The eval statement will create a new field which contains the ORIG_UID if it exists, and otherwise contains the UID. The transaction will be based on this normalized value, so should include all events in your example.

Also, you may want to consider using the startswith option to transaction -- e.g., transaction startswith=(SOMETHING) -- to make sure that each login session is captured in a separate transaction.

0 Karma

Contributor

What if you did a transaction comamnd to join events with the same PID. In your exampel above, you would then have two resultant events. The event with "PID=28489 UID=501" would the nalso have a field "ORIGUID". Then pipe that to a selfjoin where ORIGUID=UID.

0 Karma

Contributor

That was giving me some interesting hints, thanks. Unfortunately, the selfjoin comman doesn't support anything else than joining by a single field.
So I tried to get a field, which contains the same value in both results after the 'transaction PID', like this:
searchterm | transaction PID | eval TRANSUID=if(len(ORIGUID)>0,ORIGUID,UID)
Now piping this to selfjoin results in showing only the first event of the 'transaction PID' command... Using transaction TRANS
UID results in what I've noted in the comment above:
Splunk reports one matching event but doesn't show anything.
Any ideas?

0 Karma

Champion

Could you not just take your original transaction that returns the above and pipe that into another transaction with the event that connects the two?

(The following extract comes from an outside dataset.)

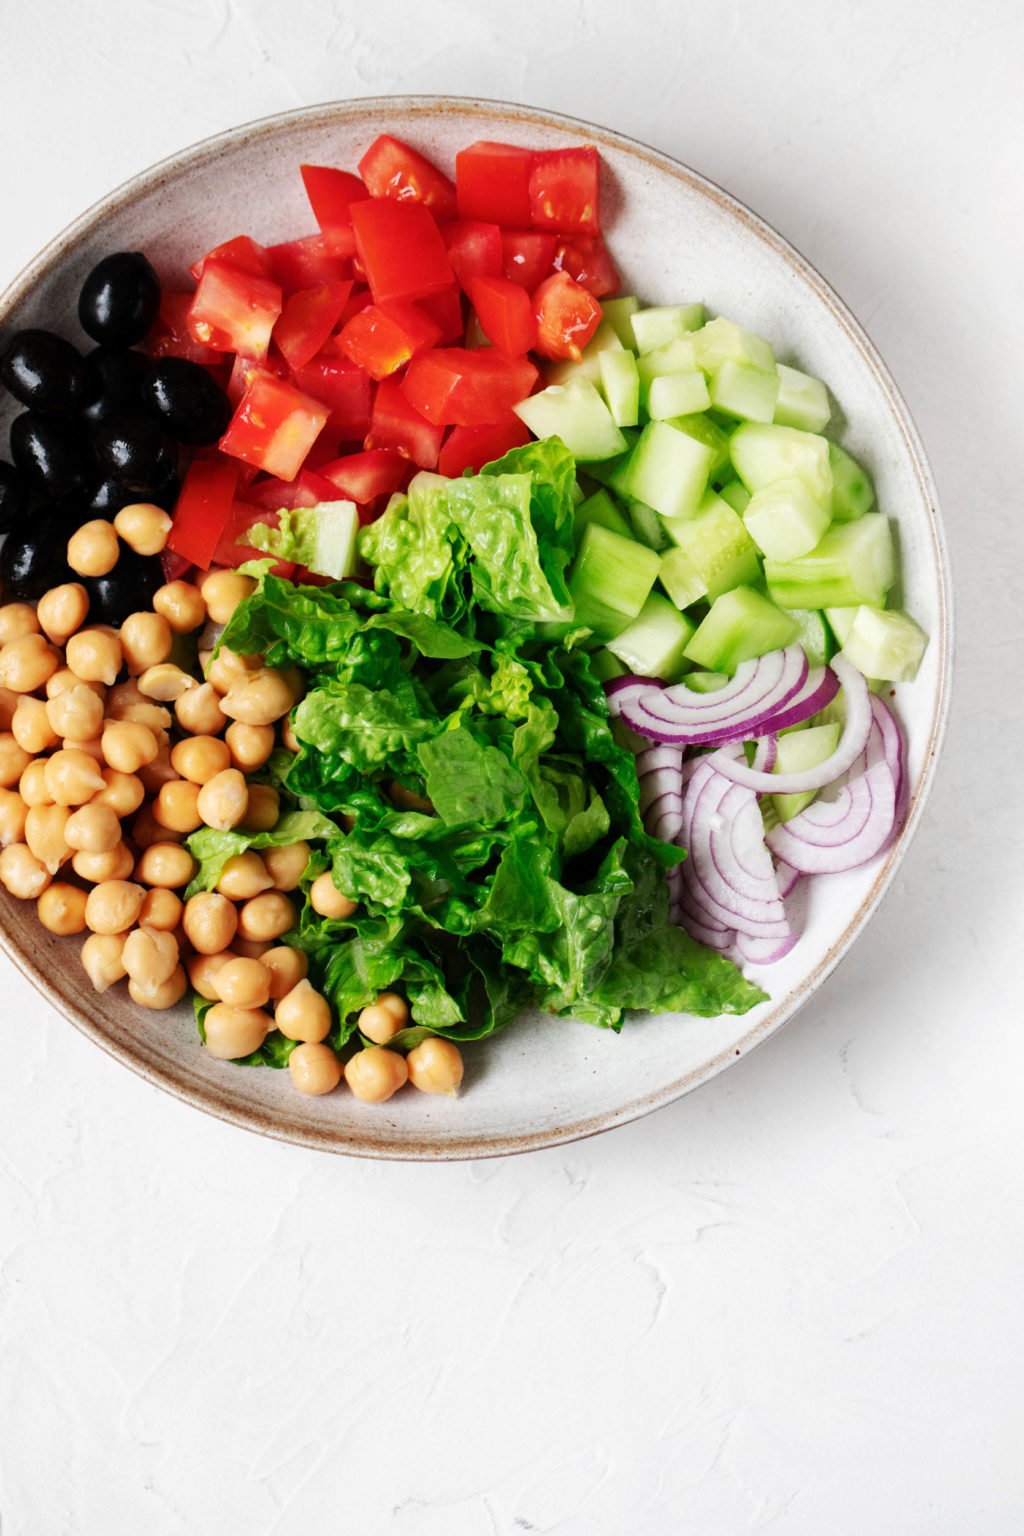 A large, white serving bowl is filled with the ingredients for a chickpea salad. It rests on a white surface.

Ok so you would perform a generic search to gather your data and you could then pipe to transaction to combine the events. You could then pipe it again to transaction to combine events based on a different field, so lets assume that HISTORY is the similar factor and you want to combine all transactions that have HISTORY, and we'll assume this HISTORY is extracted to field 'type'.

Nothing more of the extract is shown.